→ **What you are asked to do**
Output, exactly as written, the lines below starting at the line containing "EcoBadger-Logo-Final-URL-R-1 (1)" and ending at the line containing "Neuer Weg (NW), Organ". Drop the pictures and keep both end lines.
START Data to process
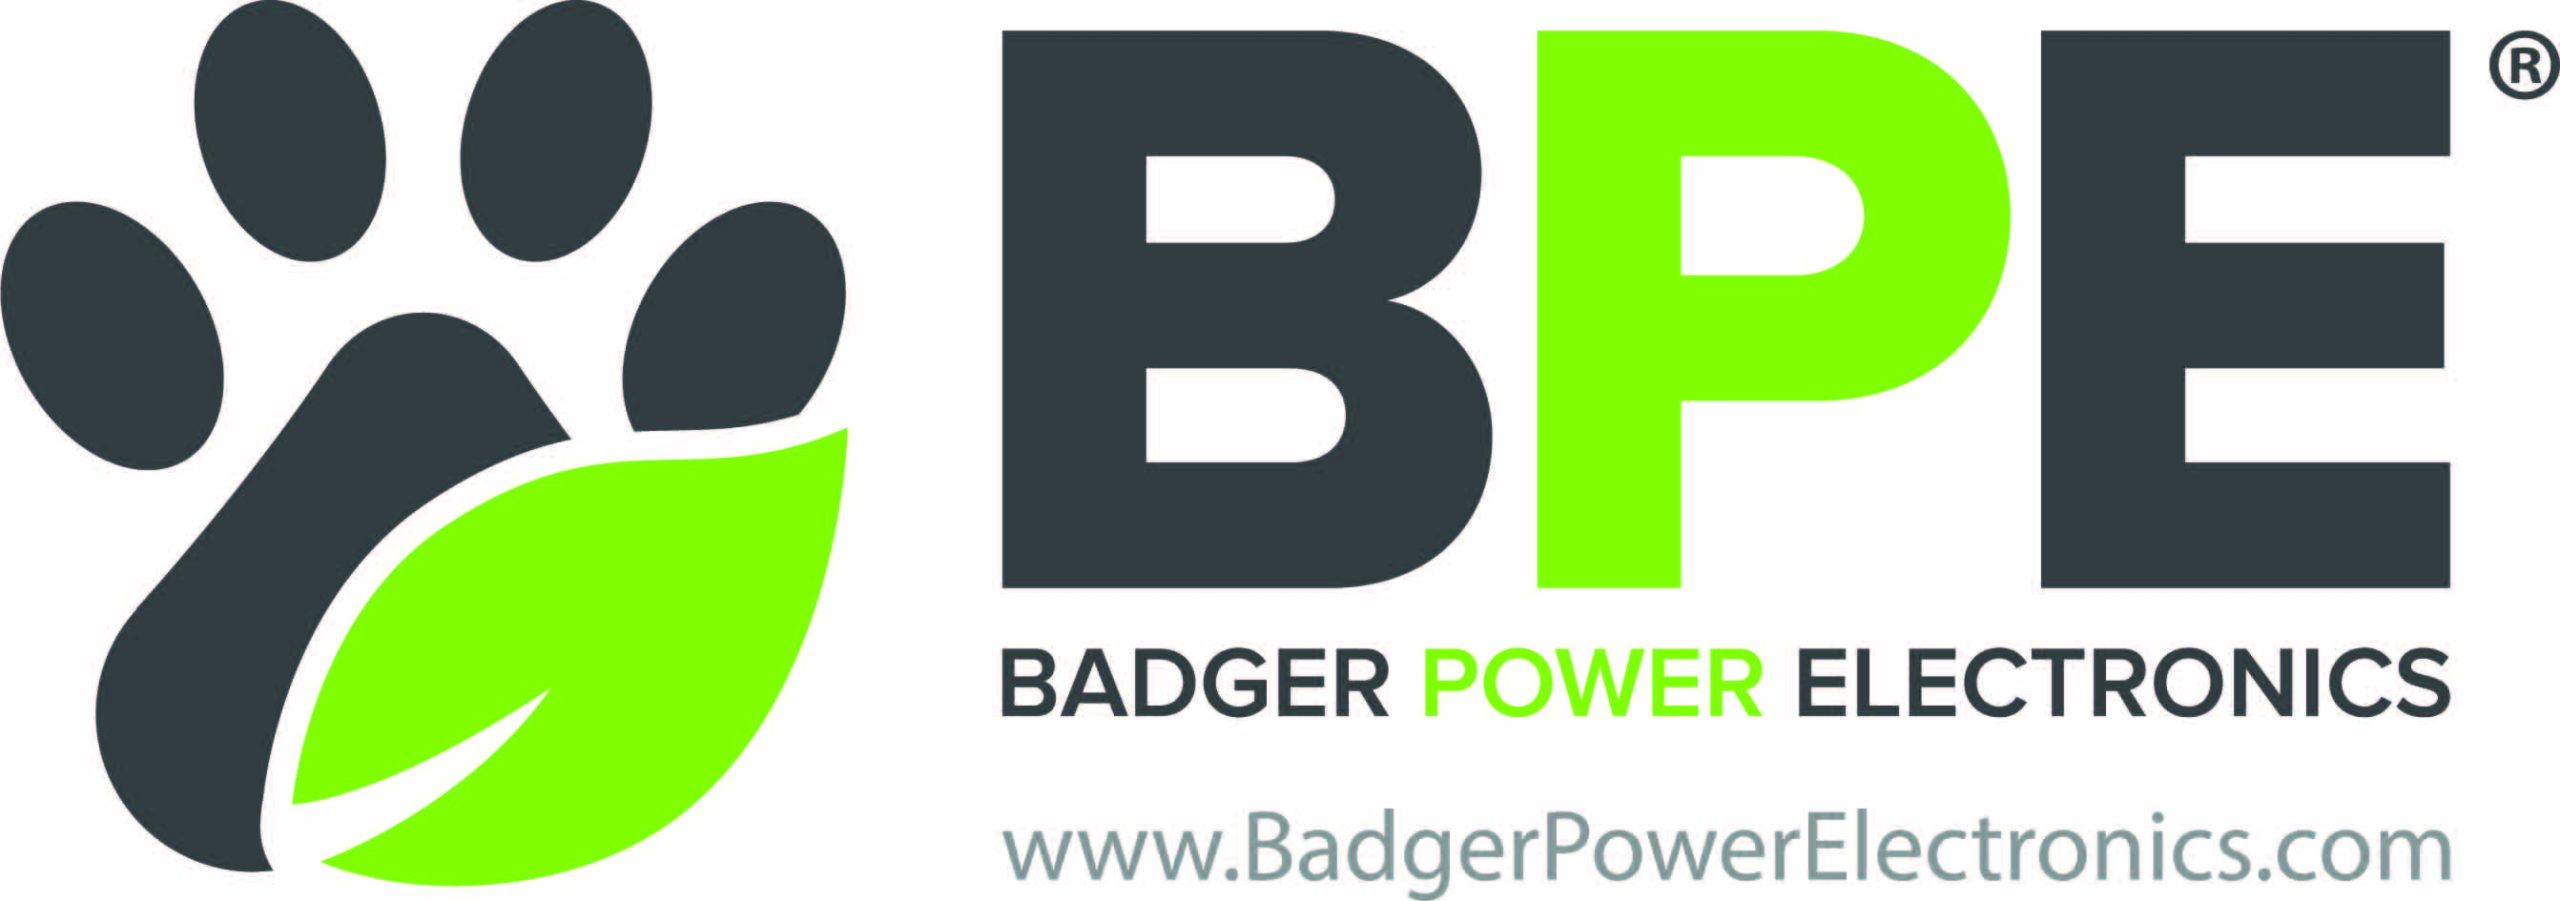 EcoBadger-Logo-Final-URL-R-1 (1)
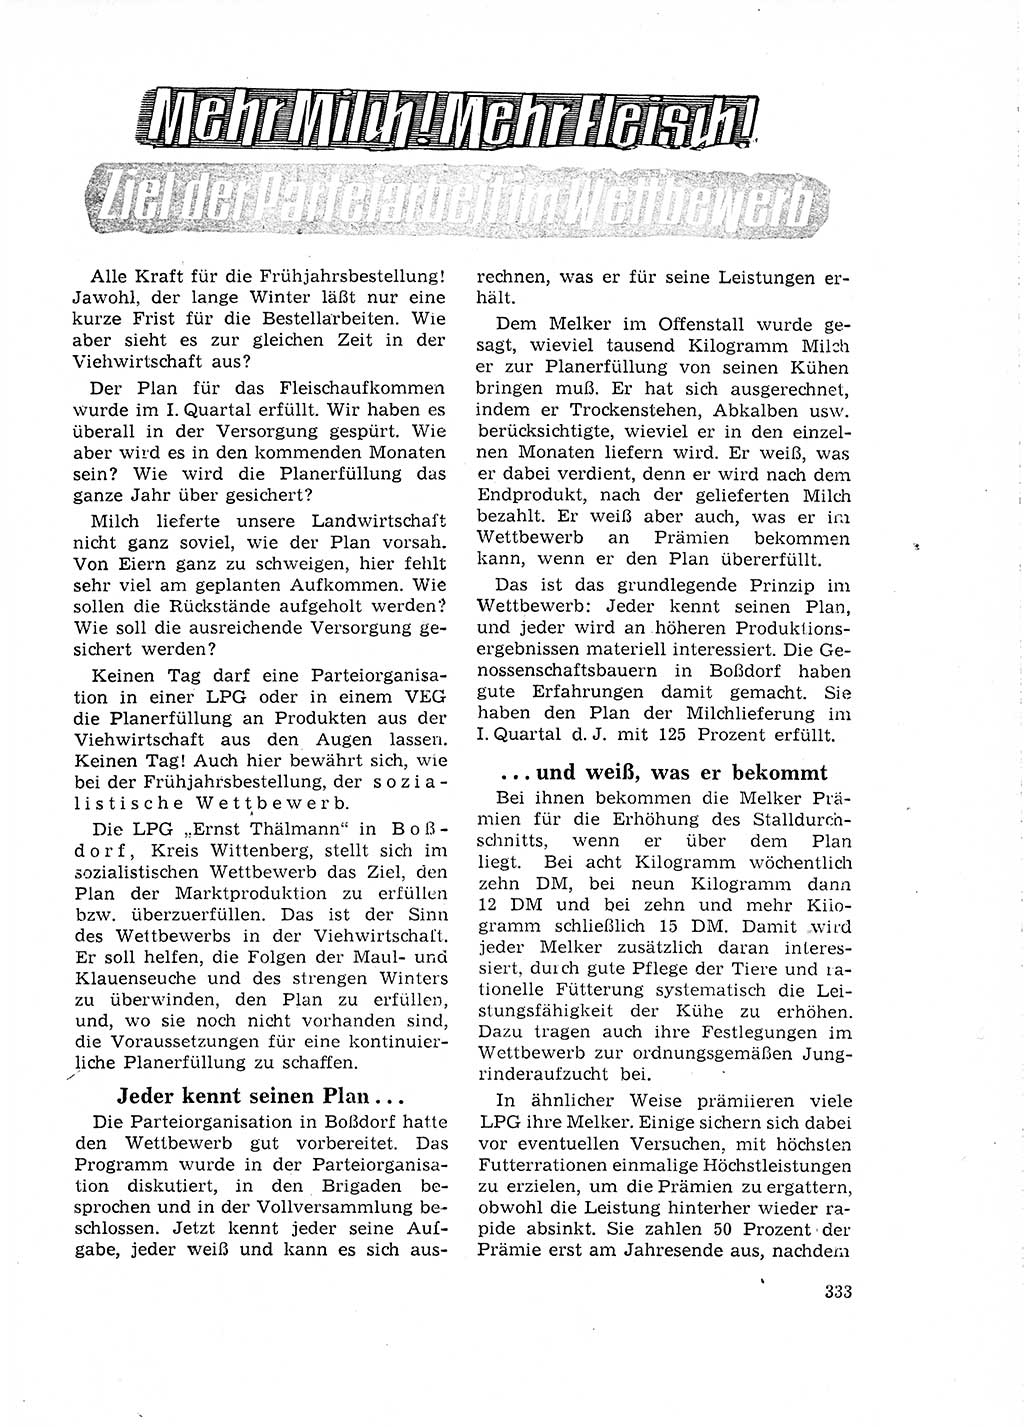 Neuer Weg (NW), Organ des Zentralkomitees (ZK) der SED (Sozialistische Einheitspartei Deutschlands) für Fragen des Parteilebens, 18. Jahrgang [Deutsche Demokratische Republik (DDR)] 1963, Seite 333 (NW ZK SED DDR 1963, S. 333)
END Data to process
START Data to process
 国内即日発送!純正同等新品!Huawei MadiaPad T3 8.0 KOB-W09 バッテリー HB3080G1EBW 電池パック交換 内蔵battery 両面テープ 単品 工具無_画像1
END Data to process
→ **Output for this task**
 EcoBadger-Logo-Final-URL-R-1 (1)
 Neuer Weg (NW), Organ des Zentralkomitees (ZK) der SED (Sozialistische Einheitspartei Deutschlands) für Fragen des Parteilebens, 18. Jahrgang [Deutsche Demokratische Republik (DDR)] 1963, Seite 333 (NW ZK SED DDR 1963, S. 333)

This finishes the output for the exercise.